Making Friends with Yourself

Lydia Bell, MHC

Sometimes when I’m working with clients, we notice that their inner monologue can be harsh or critical. Often I ask, what would you say to a friend who is going through the same thing? With a friend in mind, it can be easier to think of something compassionate to say to yourself. This season, perhaps you can challenge yourself to bring the same attention and care you bring to other relationships to your relationship with yourself. Here are some simple ways you can be a better friend to you:


Take yourself on dates. For a friend or a romantic partner, we might plan an afternoon of activities we know we can enjoy together. Have you ever done this for yourself? Think about simple, affordable things you enjoy doing. Maybe it’s a picnic lunch at a nearby park or a visit to a local bookstore. Try not to think about things you “should” do (e.g. work out, run an errand) and something that is purely for enjoyment. 


Be curious. See if you can bring a sense of loving curiosity to your own thoughts and feelings. Journaling is a great way to do this, or you can also just pause to ask yourself some gentle questions.

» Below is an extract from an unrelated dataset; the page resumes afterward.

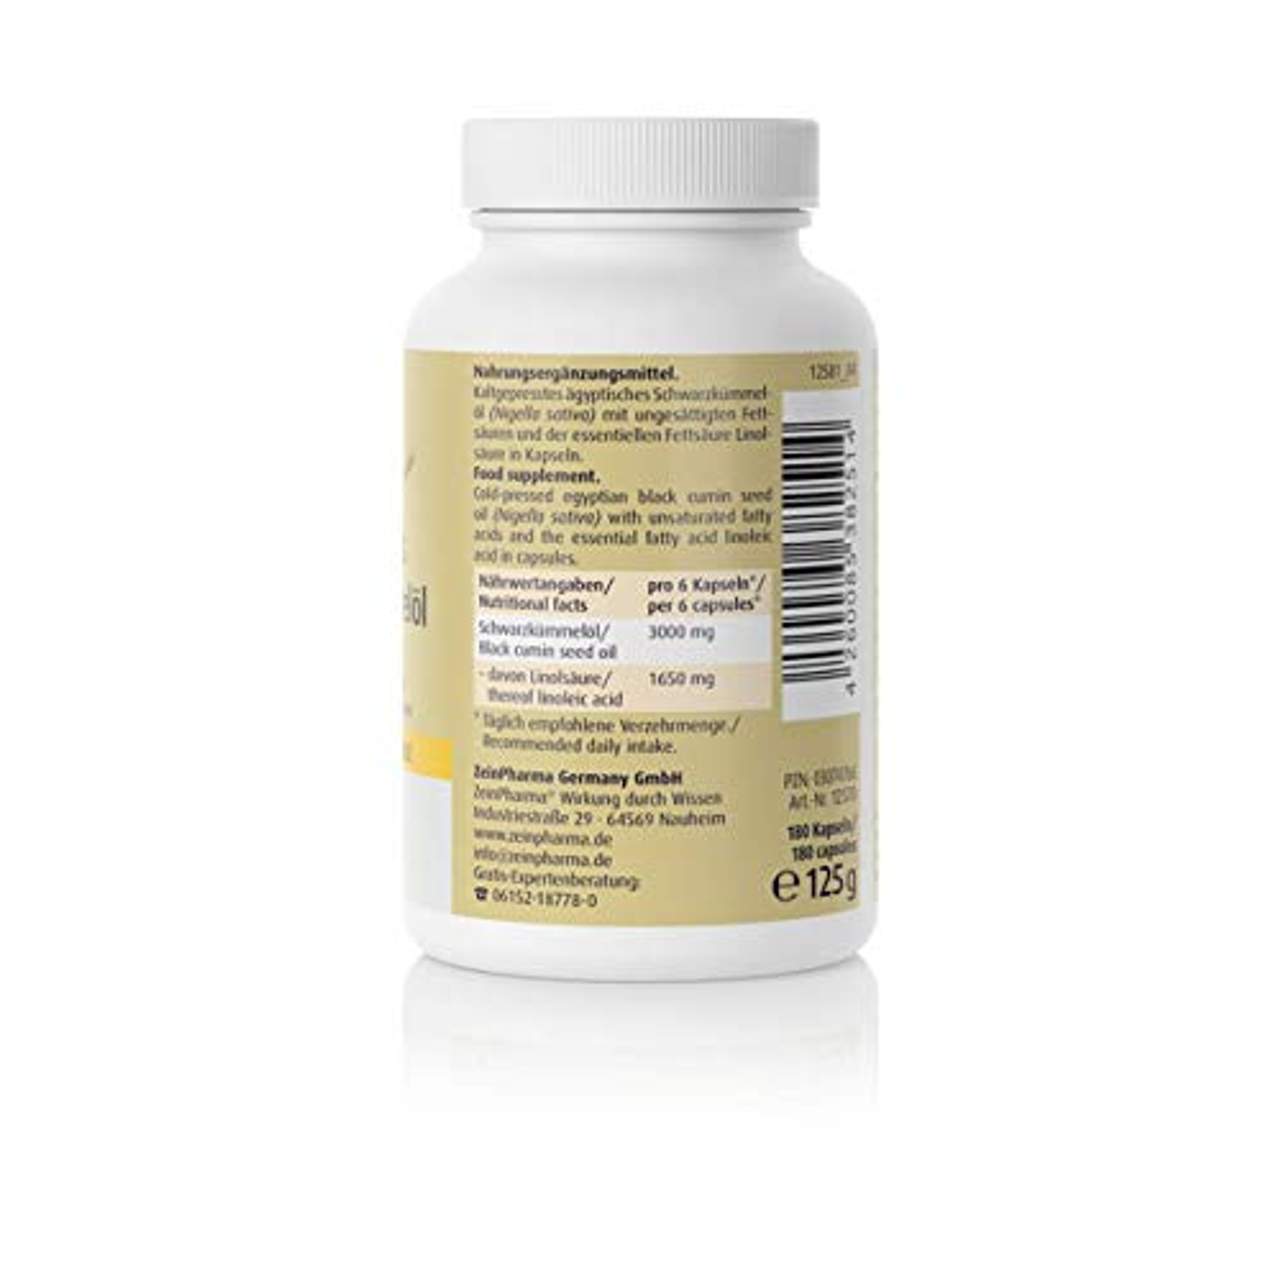 ZeinPharma Ägyptisches Schwarzkümmelöl Softgel-Kapseln 500 mg

Why am I feeling this way right now? What do I need at this moment? What is the story I’m telling myself? If you’re looking for a specific tool to spark self-reflection, I recommend checking out The Artist’s Way, by Julia Cameron. It offers a structured way to approach getting in touch with an internal sense of play. This is a wonderful book for anyone interested in a deeper connection to self (not just artists). 


Give yourself the benefit of the doubt. Sometimes when we’re in a cycle of negative self talk, we can forget to give ourselves the benefit of the doubt. If a friend left some dirty dishes in the sink one night after a long day of work, would you call your friend lazy? No, you’d probably chalk it up to your friend being tired. See if you can offer yourself the same grace.  


Check in. What are you getting out of your relationship with yourself? Are you feeling nurtured, supported? If you have a trauma history or have historically not been kind to yourself, it might take some time to cultivate a healthy relationship with yourself. Be patient, and don’t be afraid to ask for help. Therapy can be a great place to practice what it’s like to approach yourself with love and compassion.